After the Senate voted 89–8 on a compromise budget deal, the American Taxpayer Relief Act of 2012, the House also passed the bill 257–167.
After attaining the necessary bipartisan support, the bill ensures that the once-looming budget cuts have now been postponed until March 1. The bill also preserves the Bush-era income tax cuts for individuals earning less than $400,000 and for couples earning less than $450,000.
Before Congress finalized its allocation of the bill, and amid bipartisan unrest, President Obama noted that while neither Democrats nor Republicans were going to get everything they wanted, an agreement was the right thing to do for the country.
After the bill successfully passed through the hands of Congress, however, the president sang praises of the Legislature’s cooperation. “I want to thank all the leaders of the House and Senate,” Obama said at the White House after the bill was passed, according to a CNN transcript. “I want to thank you for your great work.”
Even though he is set to sign it into law, the president knows that there is still much more work to do.
“The fact is the deficit is still too high,” he continued. “But we are continuing to chip away at this problem step by step.”
I want to thank all the leaders of the House and Senate.
—President Barack Obama
Not all Democrats and Republicans were on board with the new measures, but it was especially important for all members of the House to make a sound, mutual decision.
“This is the House’s wisdom in making the best of a bad situation,” one House GOP leadership aide told Fox News. “We had a bad hand from the start, but we’re avoiding being blamed for taking us off the cliff.”
As soon as Obama signs the bill, the tax increases that kicked in Jan. 1 will now mostly be delayed.
However, Americans will still see a 2-point increase this month in their Social Security tax, as Congress did not opt to extend that payroll tax holiday, according to Fox News.
Now, Congress has two months to try and figure out how to cooperate on the issue of spending cuts.

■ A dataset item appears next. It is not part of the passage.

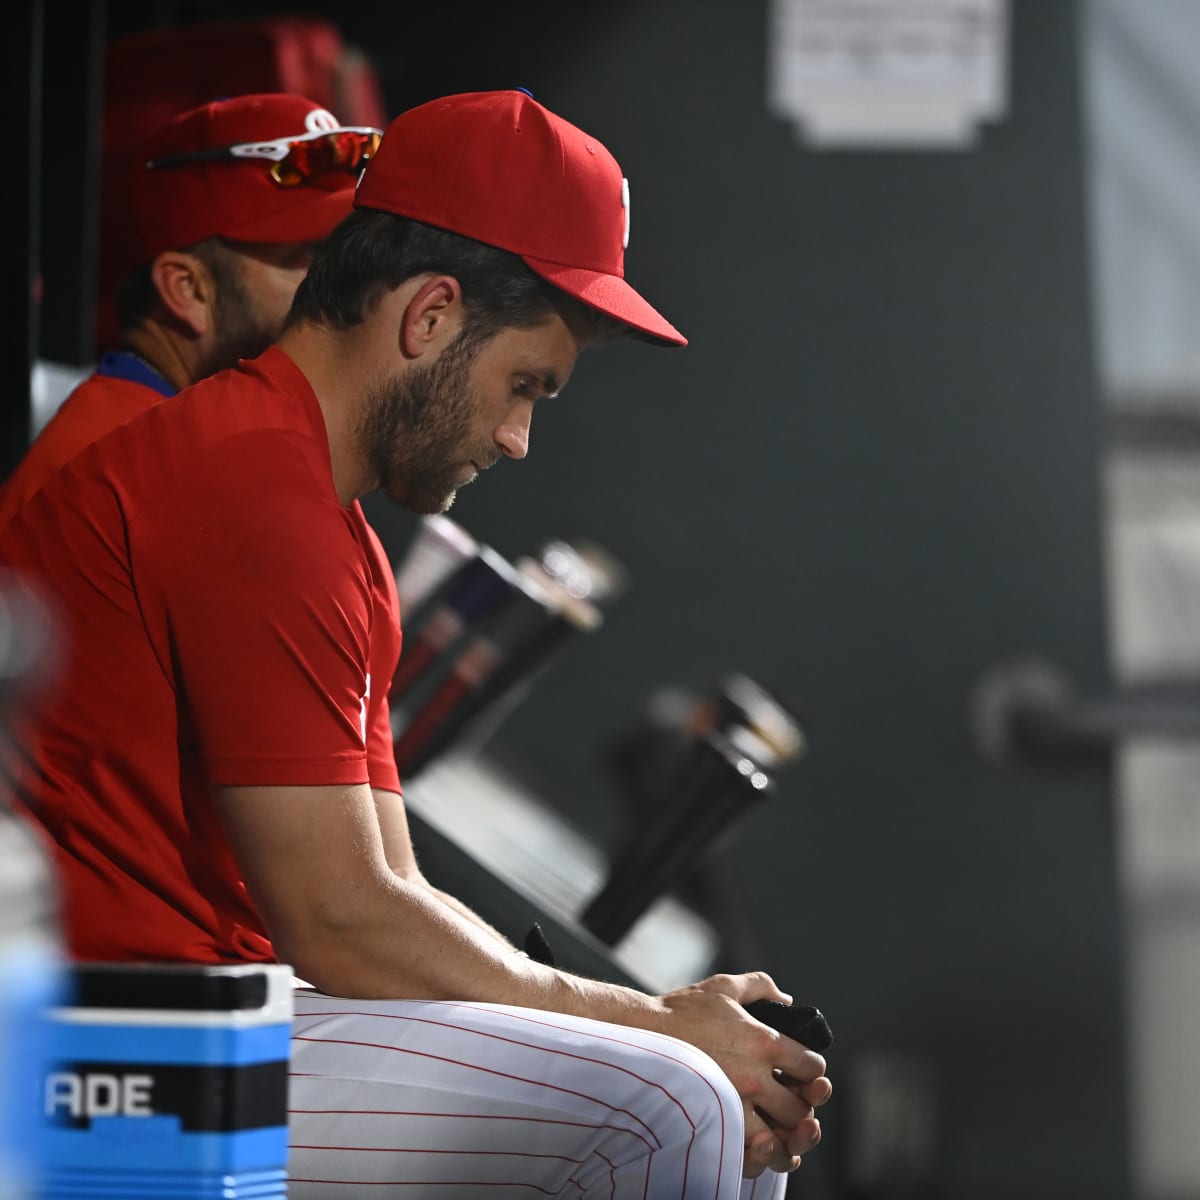 Phillies' slugger still stepping up rehab after elbow surgery
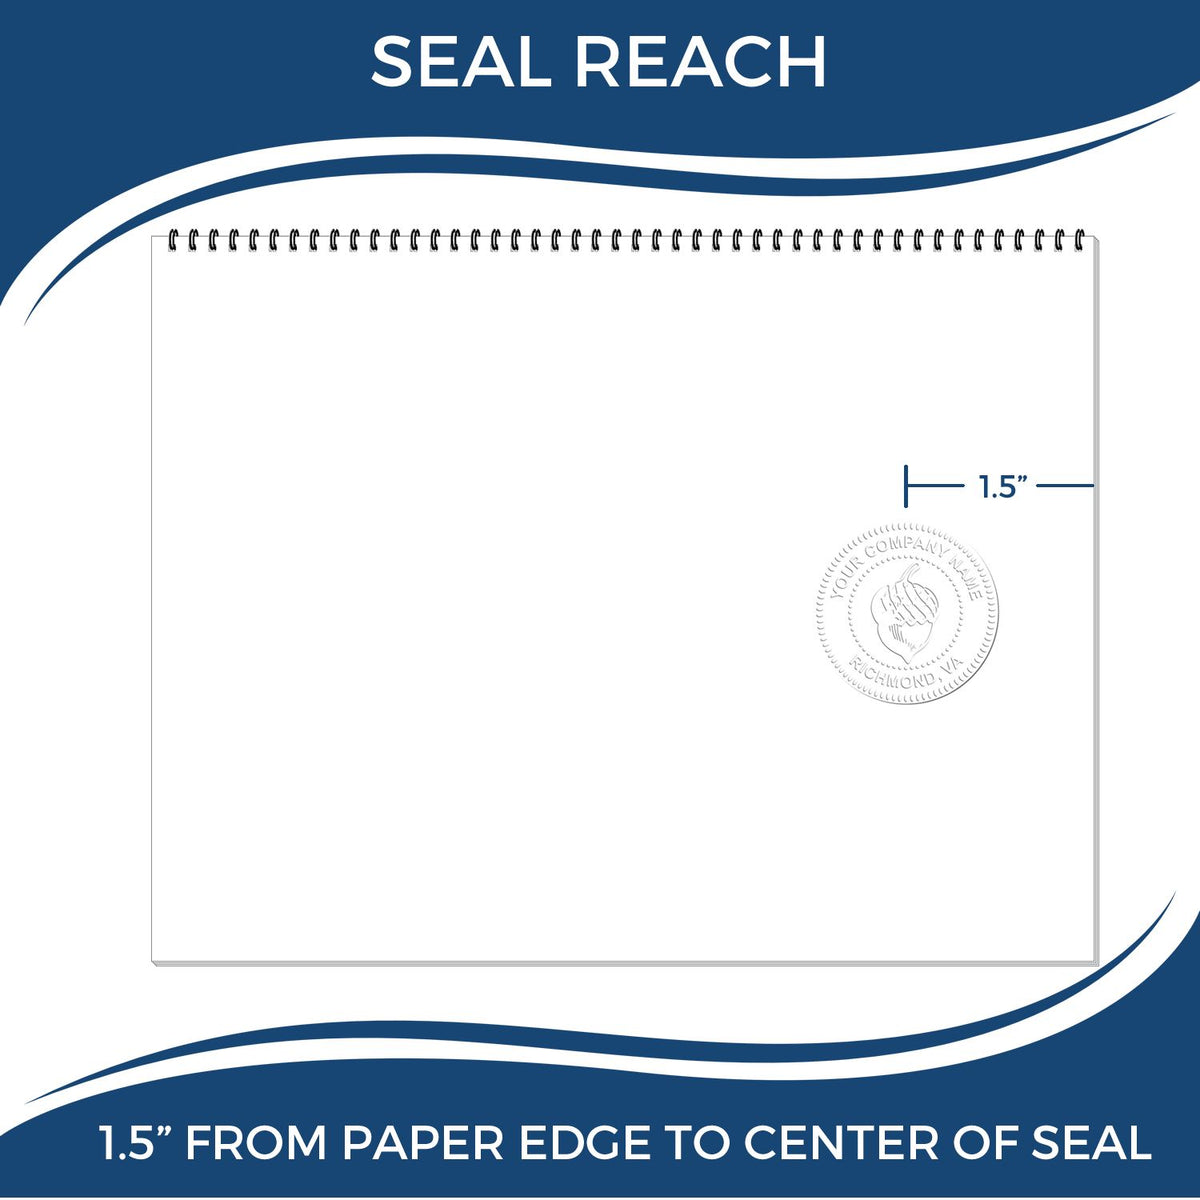 An infographic showing the seal reach which is represented by a ruler and a miniature seal image of the Hybrid Michigan Engineer Seal

If no actions are taken by March 1, then Congress will soon find itself in the all-too-familiar mulish legislative challenge that the president hopes it can avoid.
“And the one thing that I think hopefully in the new year we’ll focus on is seeing if we can put a package like this together with a little bit less drama, a little bit less brinksmanship, not scare the heck out of folks quite as much,” he said.